LONG BEACH (CNS) - Former Massachusetts Gov. Deval Patrick said Saturday at the California Democratic Party's Fall Endorsing Convention he is “running to be president of the United States,” not just “president of the Democrats.”

“There's a difference,” Patrick said at the Long Beach Arena, two days after declaring his candidacy. “I'm not talking about a moderate agenda --

the times demand much more than that.

“I'm talking about being `woke' while leaving room for the still waking.
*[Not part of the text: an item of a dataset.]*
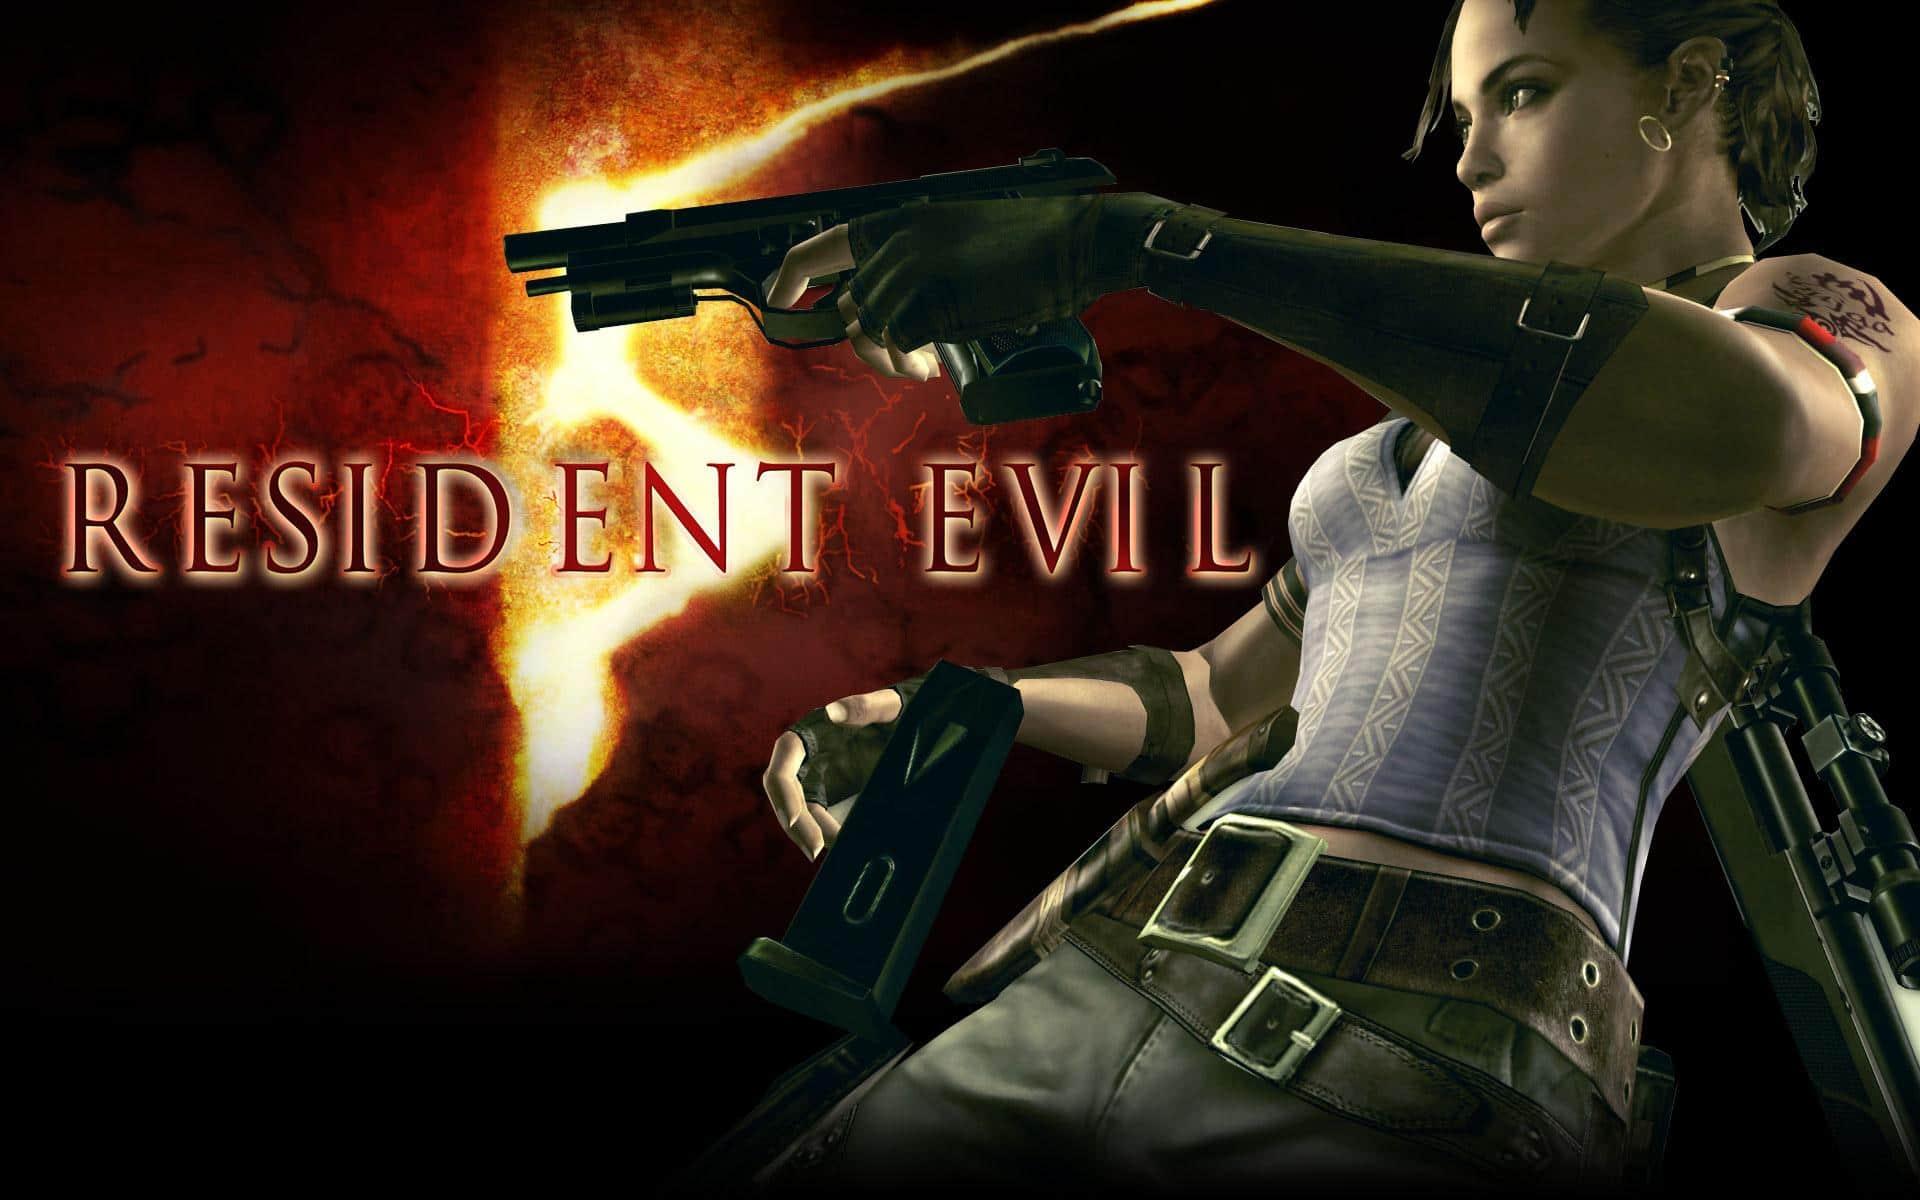 Requisitos para instalar Residen evil 5,

I'm talking about what it takes to rebuild a national community.”

Patrick also explained that he is a Democrat because “Democrats believe that the American experiment is deeply invested in aspiration and basic justice.”

“Democrats are winning all over America today, I believe, because Democrats have finally started to grow a backbone and stand up for what we believe,” Patrick said.

“That's the kind of party I want to see. That's the kind of party these dark times require. That's why I am running for president.”

Patrick was among four Democratic presidential candidates who spoke during a morning session Saturday.

Author Marianne Williamson, former Pennsylvania Rep. Joe Sestak and former Maryland Rep. John Delaney spoke at the morning session because they were not among the 10 candidates invited to participate in the “Real America” candidate forum Saturday afternoon because they did not rank high enough in polling.

Patrick announced his candidacy Thursday, releasing an approximately 2 1/2-minute video that began by Patrick recounting how he grew up on the south side of Chicago, living with his grandparents, mother and sisters “in a two-bedroom tenement, some of that time on welfare.”

“My grandmother used to tell us we were not poor just broke, because broke, she said is temporary,” Patrick said.

Patrick graduated from the Milton Academy, a Massachusetts boarding school, Harvard University and the Harvard Law School.

After graduating from law school in 1982, Patrick moved to Los Angeles to spend a year as a clerk for U.S. 9th Circuit Court of Appeals Judge Stephen Reinhardt.

Patrick was a staff attorney with the NAACP Legal Defense Fund from 1983-86, then joined the Boston law firm Hill & Barlow, rising to partner before being appointed by President Bill Clinton as the assistant attorney general for civil rights in 1994.

Patrick left the Clinton administration in 1997 to become a partner with the Boston law firm Day, Berry & Howard LLP. He was vice president and general counsel of Texaco from 1999-2001 and executive vice president and general counsel of The Coca-Cola Co. from 2001-05.

He was elected governor of Massachusetts in 2006 and re-elected in 2010.

He joined Bain Capital LLP in 2015 to start Bain Capital Double Impact, which the Boston-based investment firm describes as a fund that builds “great companies that deliver both competitive financial returns and measurable social and environmental good.”

“I've had a chance to live my American dream,” Patrick said on the video. “But over the years, I've seen the path to that dream gradually closing off bit by bit” but pledged as president to “build a better, more sustainable, more inclusive American dream for the next generation.”